Modern robots have the ability to sense their environment and understand human language. However, what they don’t know is often more important than what they do know. Teaching robots to ask for help is crucial in enhancing their safety and efficiency.
A new method has been developed by engineers at Princeton University and Google to teach robots when they are uncertain. This technique involves measuring the fuzziness of human language and using that measurement to determine when robots should seek further directions. For example, if a robot is asked to pick up a bowl from a table with only one bowl, the instruction is clear. But if there are five bowls on the table, the level of uncertainty is much higher, prompting the robot to ask for clarification.
Since tasks are usually more complex than simple commands, engineers utilize large language models (LLMs), such as ChatGPT, to assess uncertainty in complex environments. Although LLMs enable robots to understand human language, their outputs are often unreliable. Anirudha Majumdar, an assistant professor at Princeton and the senior author of a study on this new method, emphasizes the need for LLM-based robots to be aware of their limitations and when to seek assistance.
The system also allows the user of a robot to set a target level of success, which is associated with a specific uncertainty threshold that triggers the robot to ask for help. For instance, a surgical robot may have a lower tolerance for errors compared to a robot that is cleaning a living room.
Allen Ren, the lead author of the study and a graduate student at Princeton, explains that the goal is for the robot to ask for enough help to achieve the desired level of success while minimizing the overall assistance required. Compared to other approaches, this new method achieves high accuracy with reduced dependency on human intervention.

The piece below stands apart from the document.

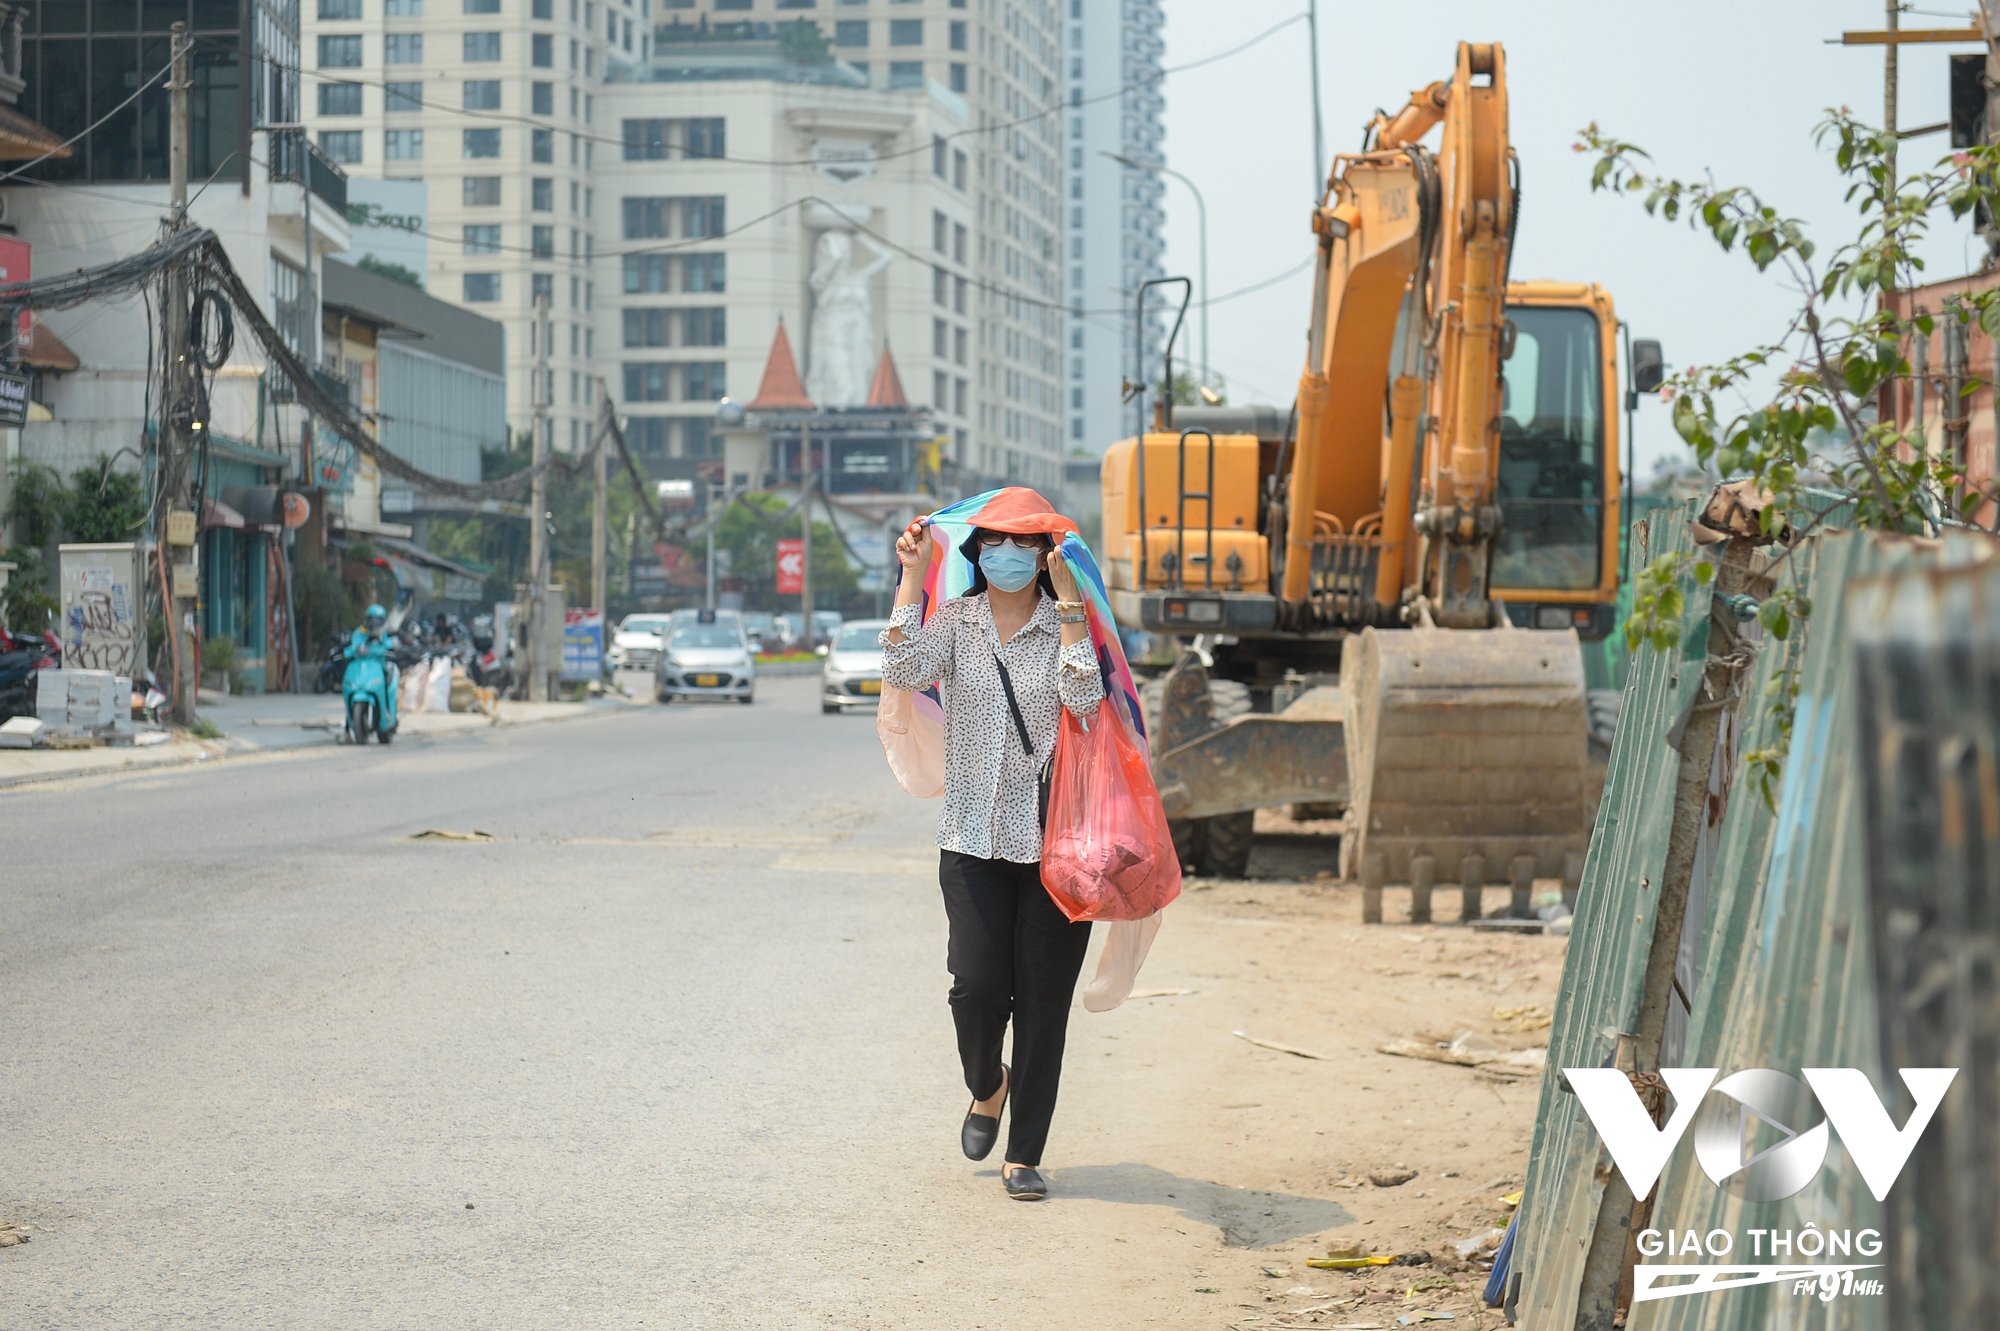 Đường Xuân Diệu, quận Tây Hồ (Hà Nội) cũng thưa thớt người, phương tiện tham gia giao thông.
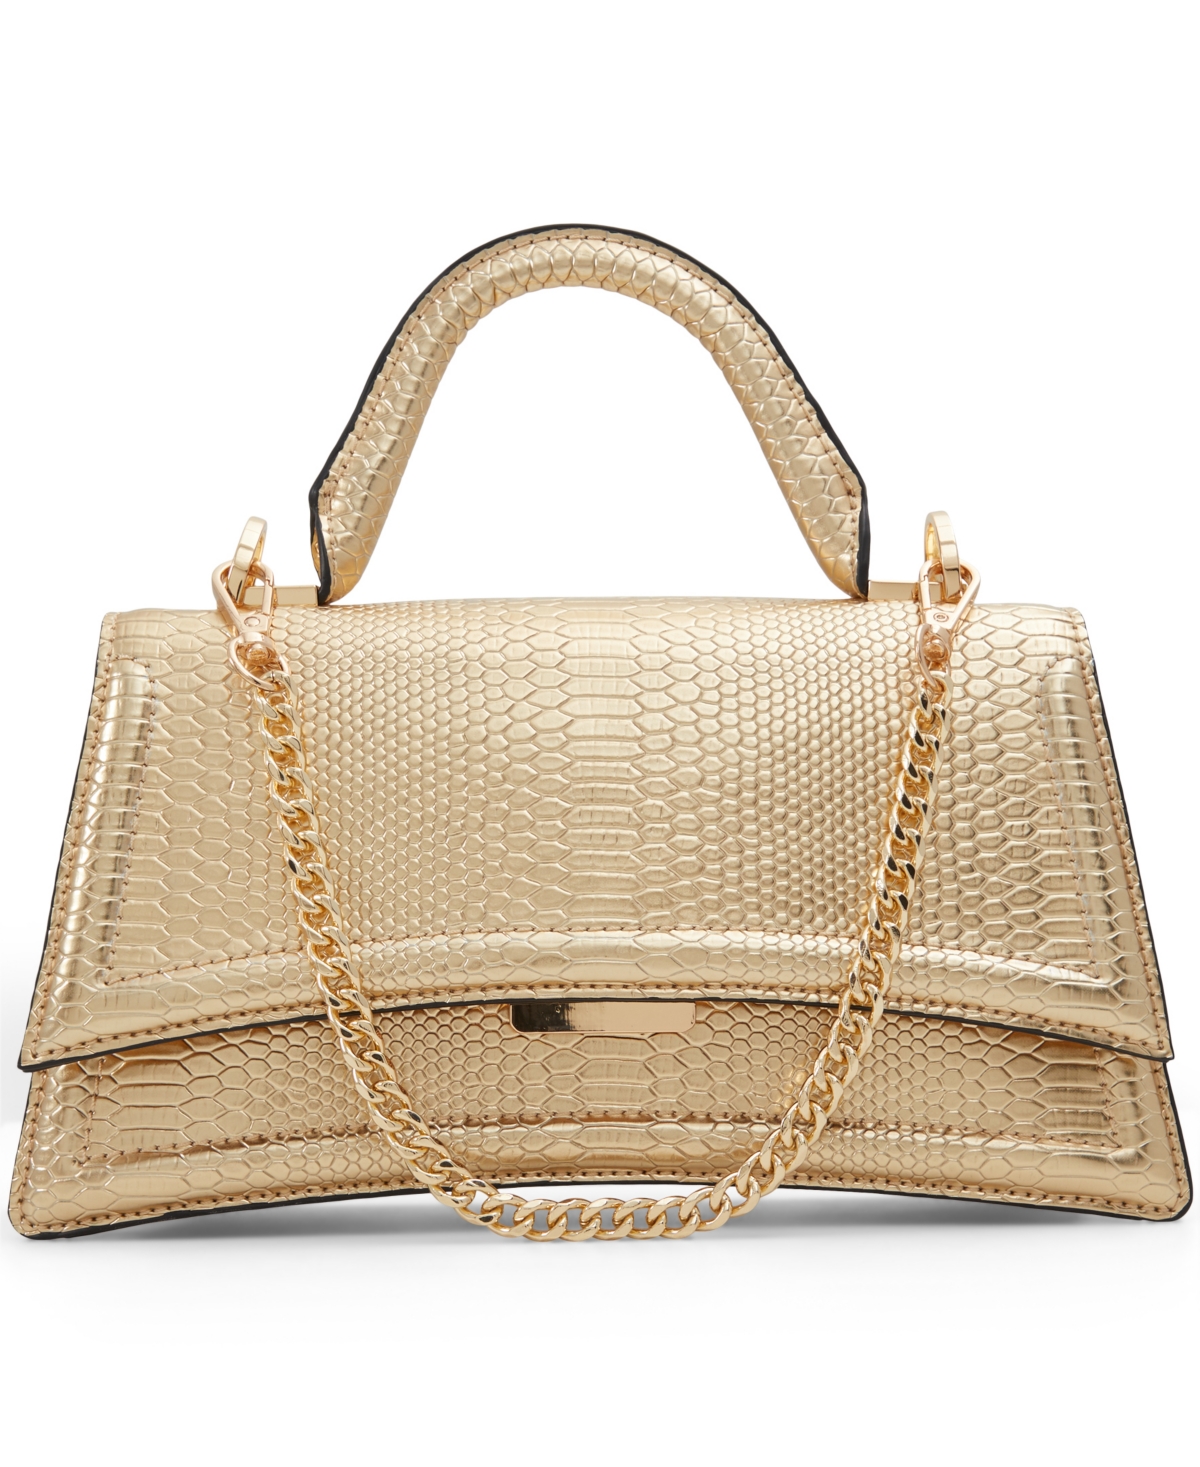 Aldo Attleyyx Synthetic Medium Top Handle Bag In Gold

The researchers conducted experiments using a simulated robotic arm and two types of robots at Google facilities in New York City and Mountain View, California. The experiments ranged from sorting toy food items into different categories to placing a bowl in a microwave. By employing a statistical approach called conformal prediction and a user-specified success rate, the algorithm triggered requests for human help when the probabilities of different actions met a certain threshold.
The researchers highlight the significance of robots’ physical limitations in gaining insights that abstract systems cannot provide. While large language models may excel in conversation, they still have to contend with real-world constraints. The collaboration between Ren, Majumdar, and Andy Zeng from Google DeepMind was initiated after Zeng gave a talk at Princeton Robotics Seminar series, and Ren’s interest in calibrating the level of assistance a robot should seek led to the development of this new method.
Ren is now expanding this work to address challenges in active perception for robots, such as predicting the location of objects within a house based on vision and language information. This presents new obstacles in estimating uncertainty and determining when to request help.